Start of Available records

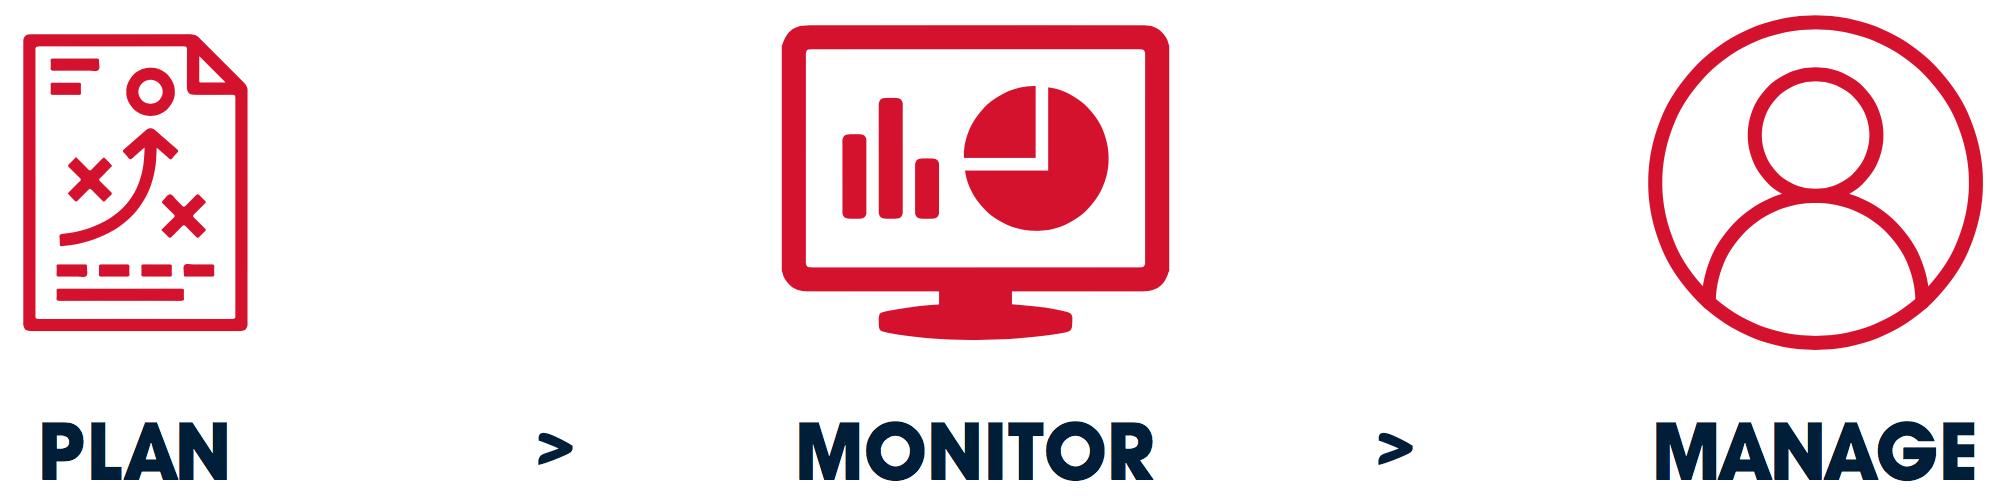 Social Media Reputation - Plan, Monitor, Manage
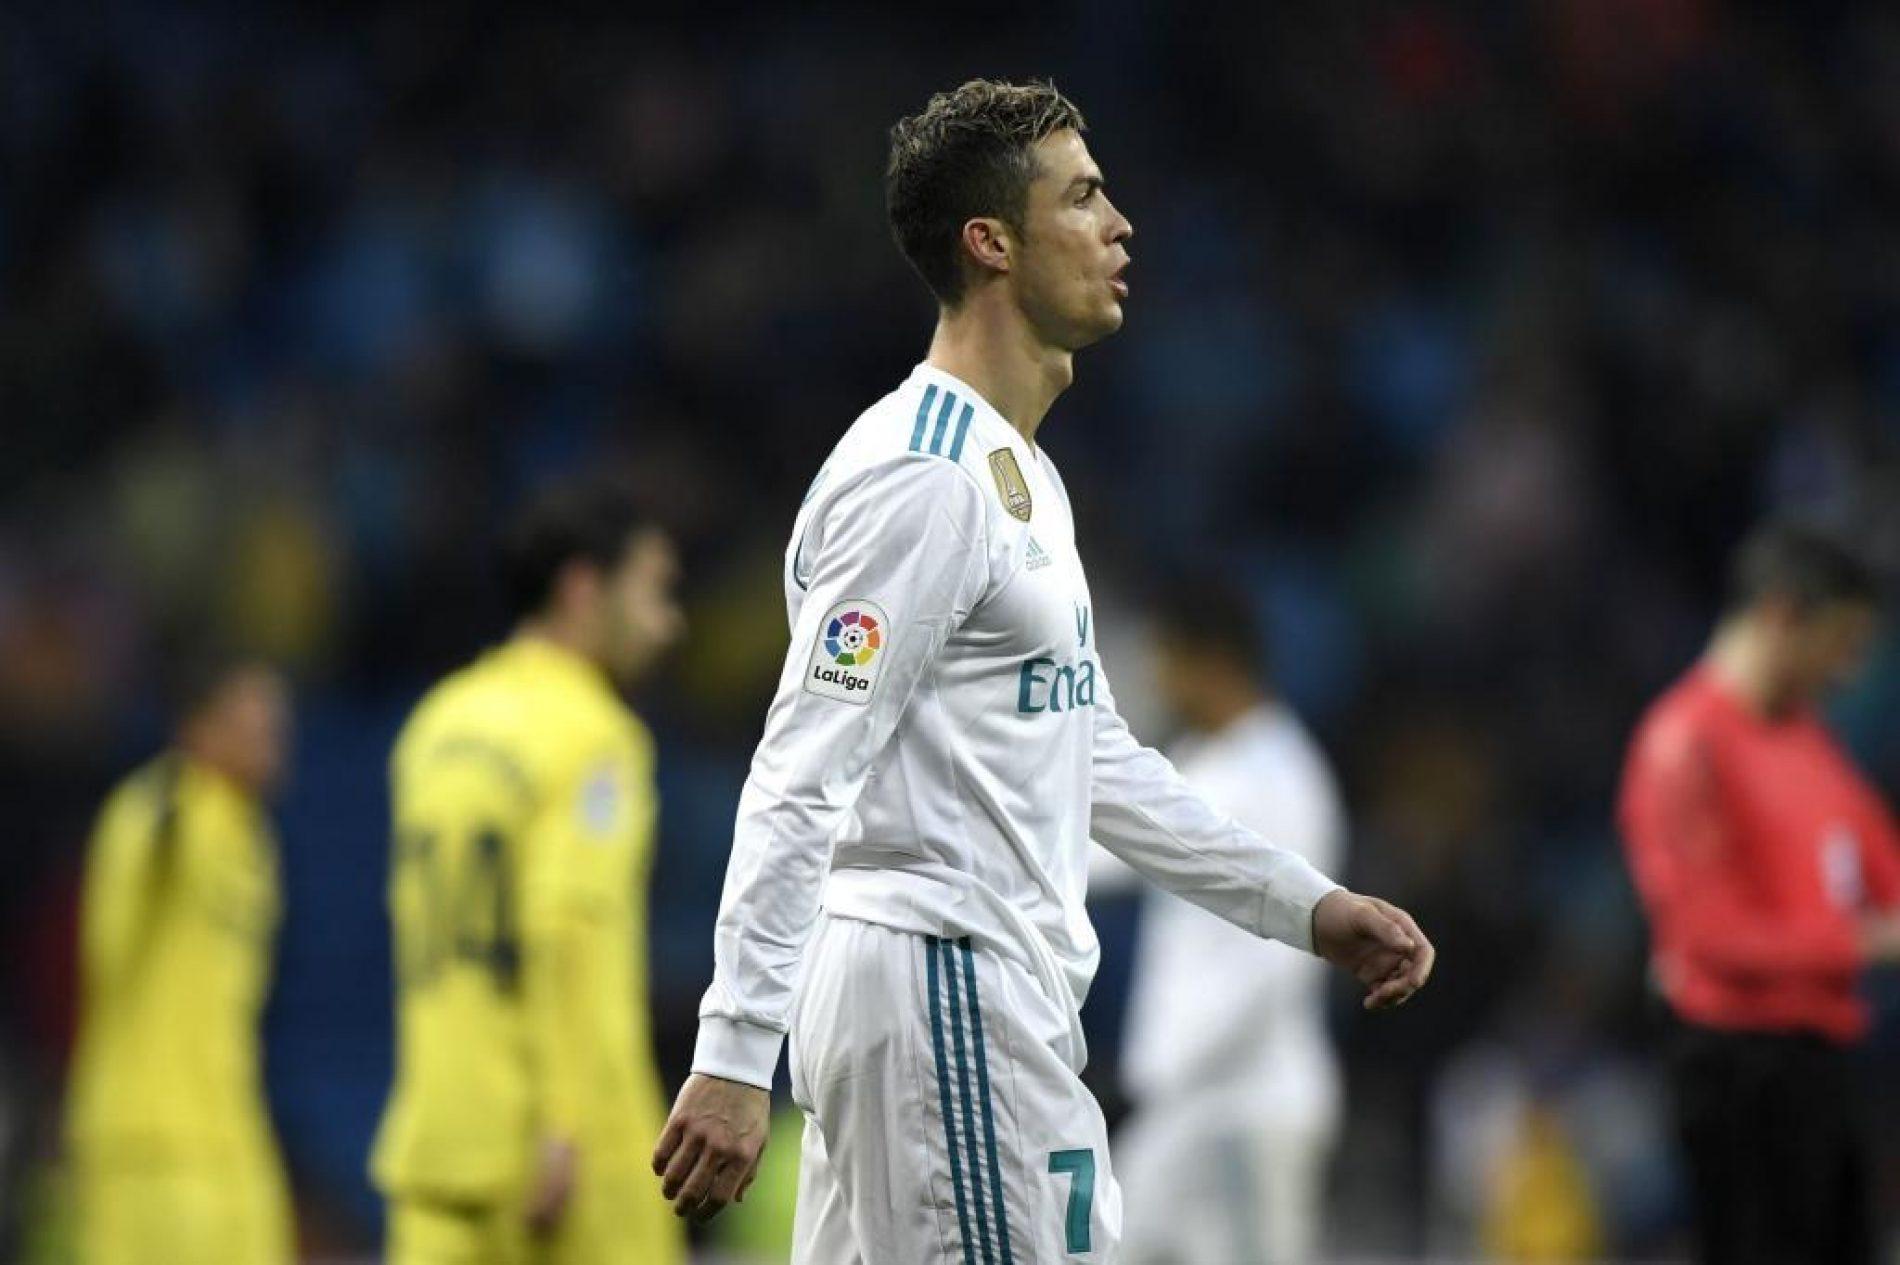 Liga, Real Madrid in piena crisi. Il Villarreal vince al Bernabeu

End of Available records
Start of Available records

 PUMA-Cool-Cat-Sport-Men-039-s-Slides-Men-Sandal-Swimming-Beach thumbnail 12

End of Available records
Start of Available records

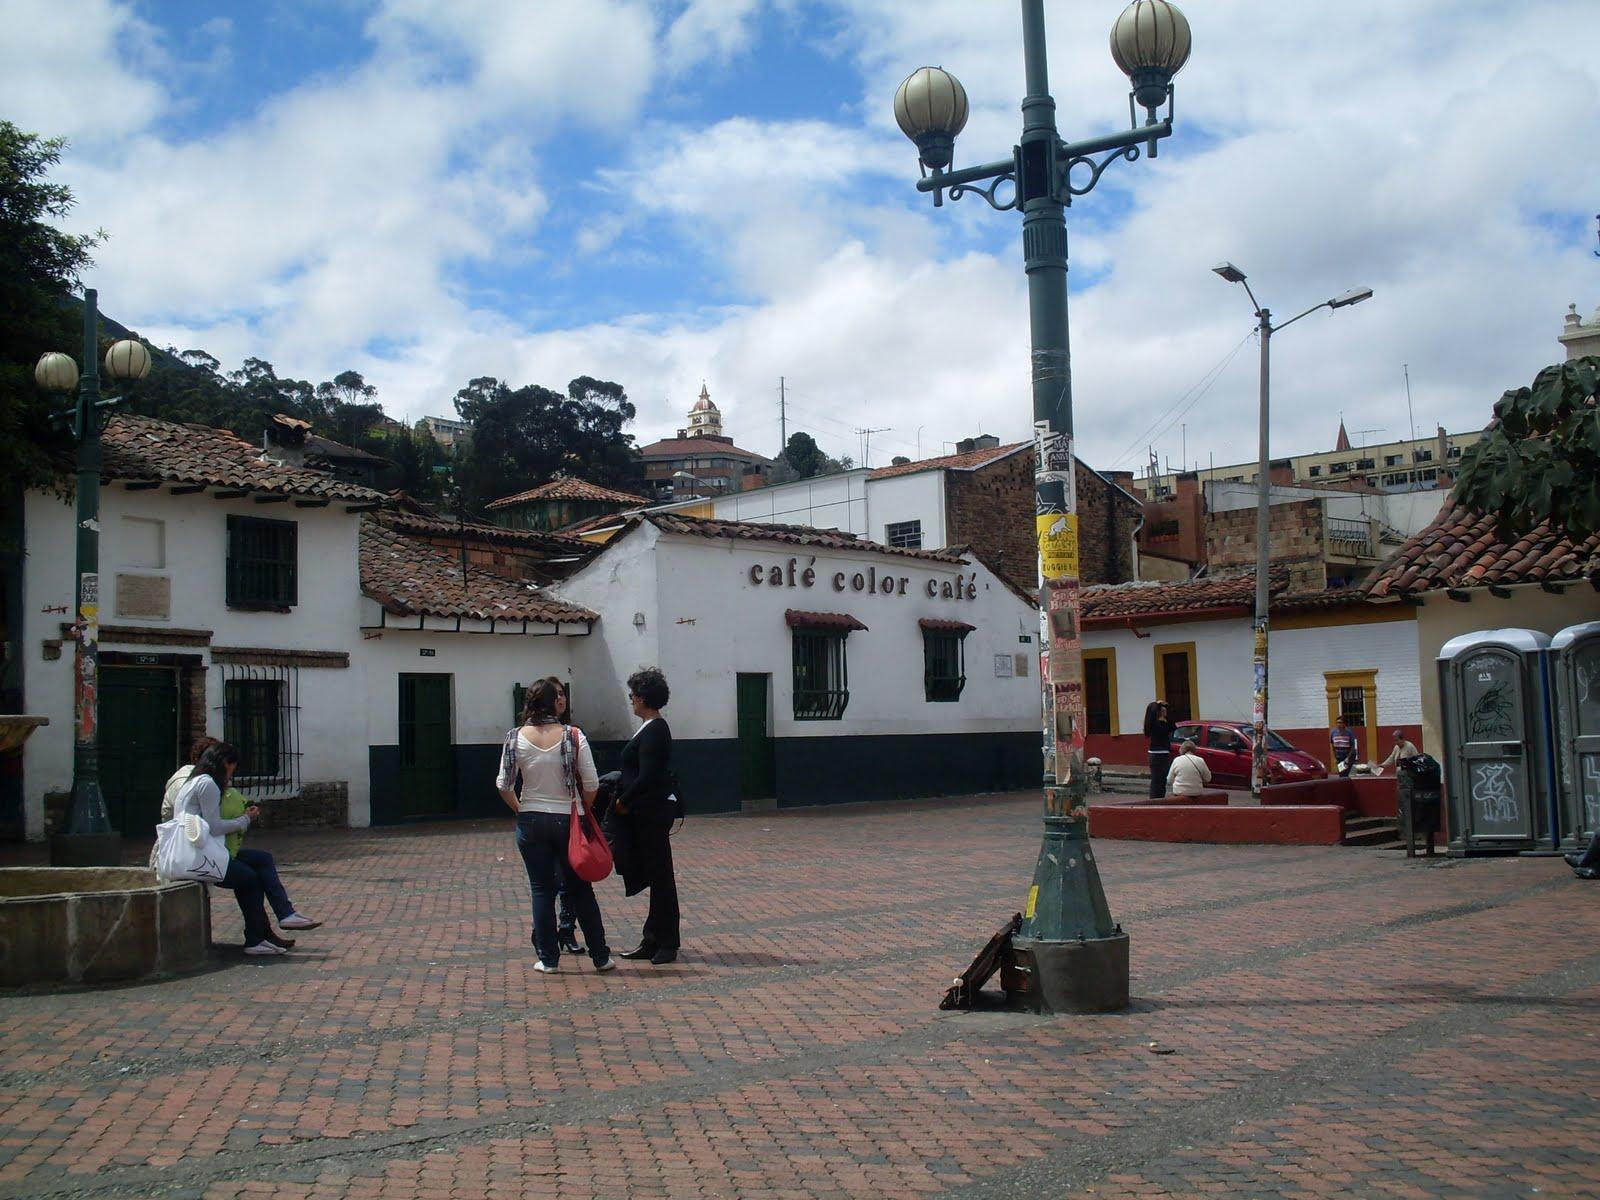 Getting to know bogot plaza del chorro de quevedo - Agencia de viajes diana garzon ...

End of Available records

Write out word for word the lines of the listing above from the line with "Social Media Reputation" to the line with "Liga, Real Madrid", taking in both of those lines but no pictures.

 Social Media Reputation - Plan, Monitor, Manage
 Liga, Real Madrid in piena crisi. Il Villarreal vince al Bernabeu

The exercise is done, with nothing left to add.